Les "Etats généraux de la presse écrite" sont actuellement réunis à l'initiative de la présidence de la République française : la Fédération européenne des journalistes, dont fait partie le Syndicat national des journaliste (j'en suis membre), s'inquiète des propositions de N. Sarkozy:

"La Fédération européenne des journalistes (FEJ), le groupe européen de la Fédération internationale des journalistes, s'inquiète de certaines propositions émises par le président Nicolas Sarkozy lors du lancement des Etats généraux de la presse écrite réclamés depuis des années par les syndicats de journalistes français.

« Nous sommes étonnés par certaines contradictions dans le discours de M. Sarkozy », a déclaré le Président de la FEJ, Arne König.  « Comment à la fois affirmer, à juste titre, que "la presse n'est pas et ne sera jamais un produit comme un autre", et plaider en même temps pour un assouplissement des règles de concentration des médias? Comment déplorer la ?paupérisation des contenus' et mettre en question les droits d'auteurs des journalistes lors de réutilisations de leurs articles ? ».

M. Sarkozy a invité les Etats Généraux à se « documenter sur le secteur de la presse dans les pays qui sont comparables » à la France. La FEJ est dores et déjà en mesure de confirmer que la plupart des pays d'Europe occidentale ne laissent pas les médias « aux seules forces du marché ». Même si aucune réglementation européenne ne le prévoit, il existe des limites à la concentration de la propriété, selon différents critères de marché, d'audience ou de publicité, dans plusieurs pays d'Europe.
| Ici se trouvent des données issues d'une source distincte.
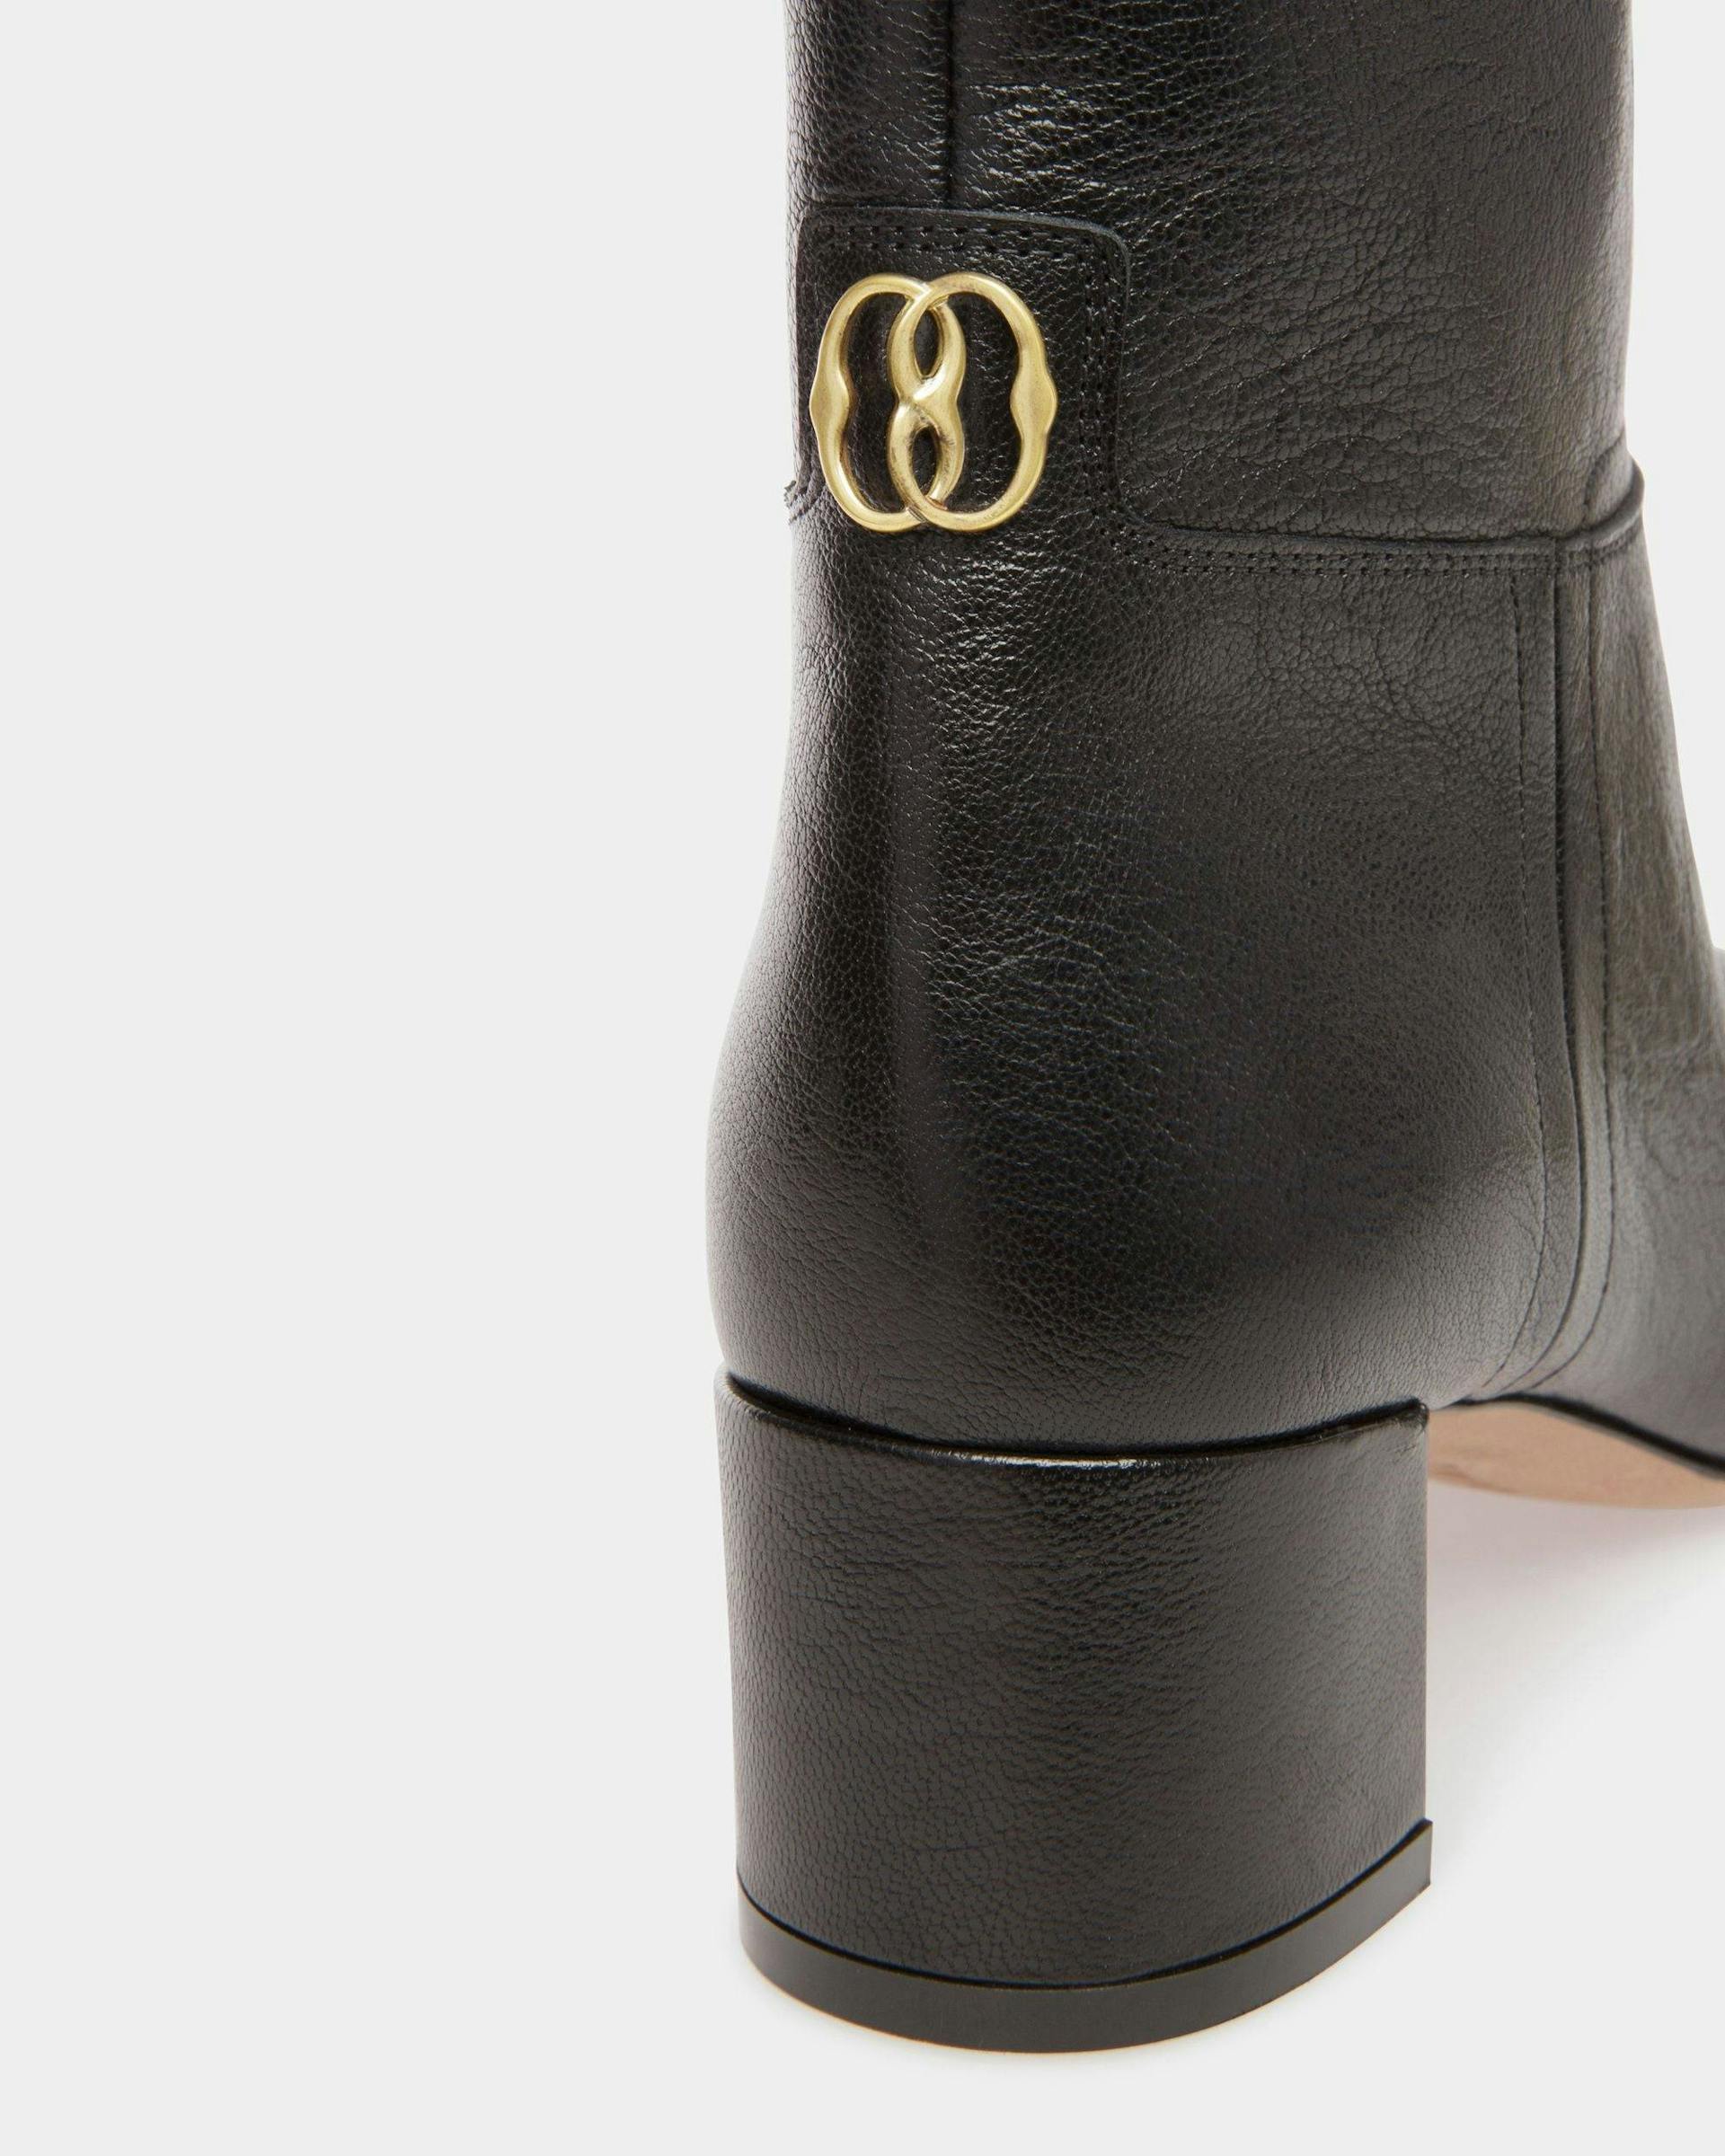 Women's Daily Emblem Booties In Black Leather | Bally | Still Life Detail

Ce n'est pas en accroissant les concentrations en France que l'on favorisera l'accès des groupes de presse hexagonaux à l'étranger, ce qui semble être une des préoccupation majeures de M.  Sarkozy, note la FEJ, qui s'étonne également de l'omniprésence des patrons de presse dans la conduites des travaux de ces Etats Généraux.
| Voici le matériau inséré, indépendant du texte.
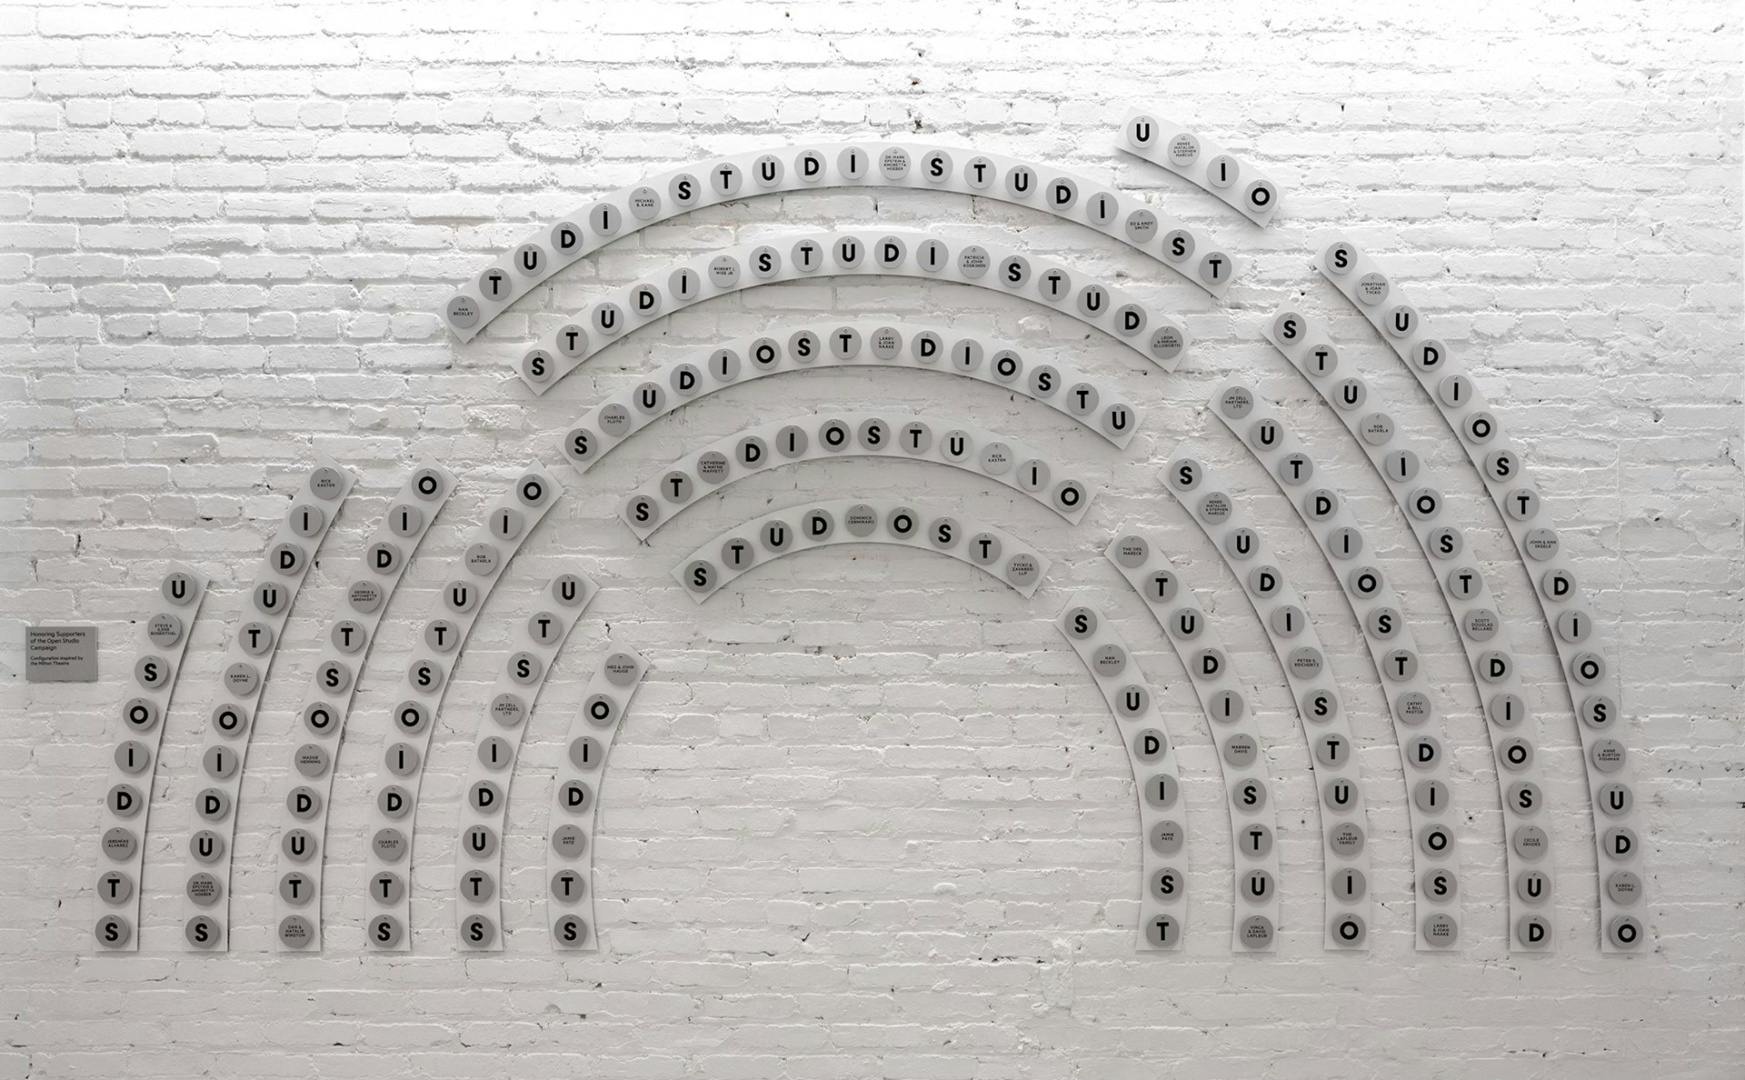 Wall installation in the shape of semi-circular rows of theatre seats

Alors que la réforme de l'audiovisuel public, très contestée par les syndicats et le personnel, va être examinée à l'Assemblée nationale, le Président Sarkozy ouvre un second chantier d'envergure avec ces Etats généraux de la presse écrite qui pour la FEJ ne doivent pas être un simulacre de discussions, ni ouvrir la voie à un mise en cause du pluralisme ou encore à une atteinte aux droits des journalistes.

"Nous attirons l'attention des participants sur les risques que soulèvent certaine propositions, alors que le journalisme traverse une crise d'identité avec la banalisation des blogs et du contenu généré par les utilisateurs. Le journalisme de qualité en France est en jeu. », a indiqué le président de la FEJ.
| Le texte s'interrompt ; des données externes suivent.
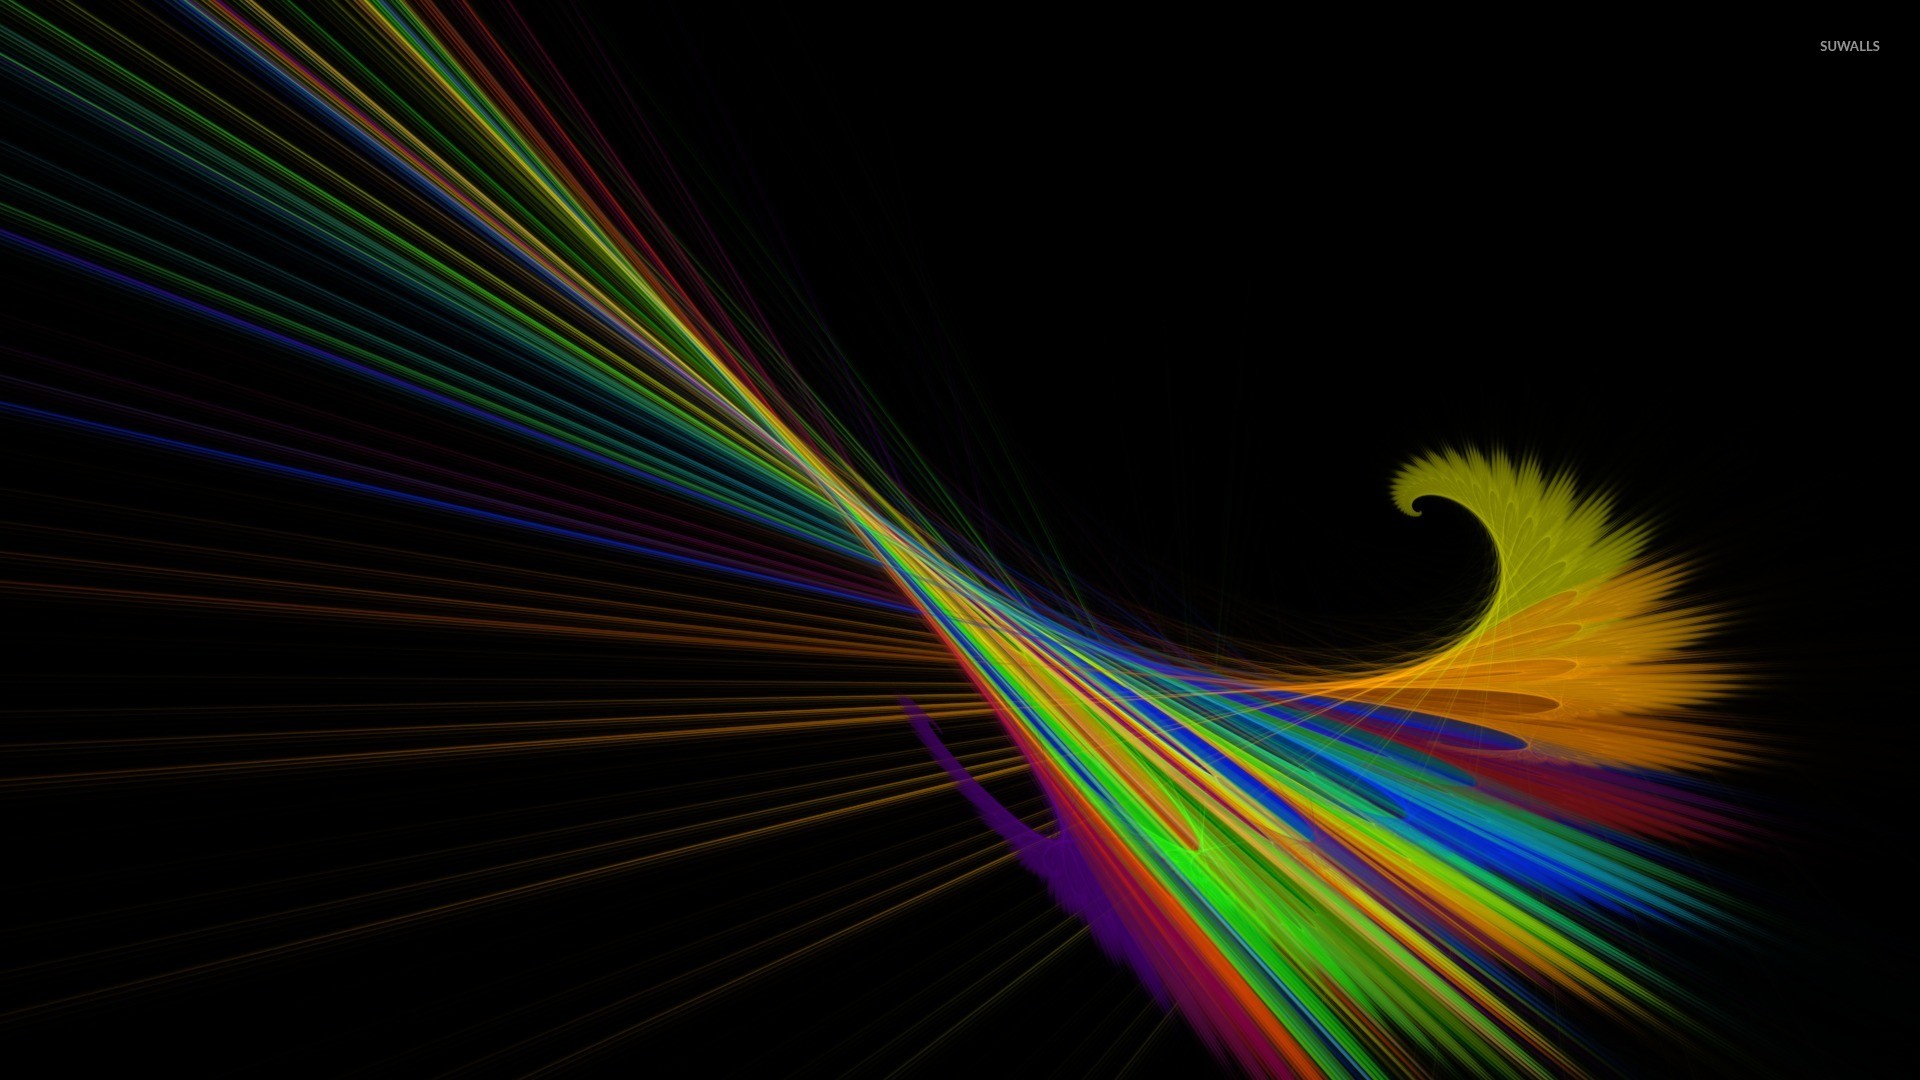 1920x1080 Swirly colorful lines wallpaper

Une uniformisation de la presse sous tutelle de super grands groupes de presse avec la rentabilité comme objectif constitue un risque grave pour la démocratie, notamment au moment où la crise financière mondiale mériterait d'autres propositions.

La FIJ et la FEJ vont saisir l'occasion des travaux des Etats Généraux et de la présidence française de l'UE pour demander à être reçus par le chef de l'Etat français et lui faire part des inquiétudes de la FEJ et de la FIJ ainsi que des syndicats français.

Les syndicats membres de la FEJ en France sont le SNJ, le SNJ-CGT et la F3C-CFDT."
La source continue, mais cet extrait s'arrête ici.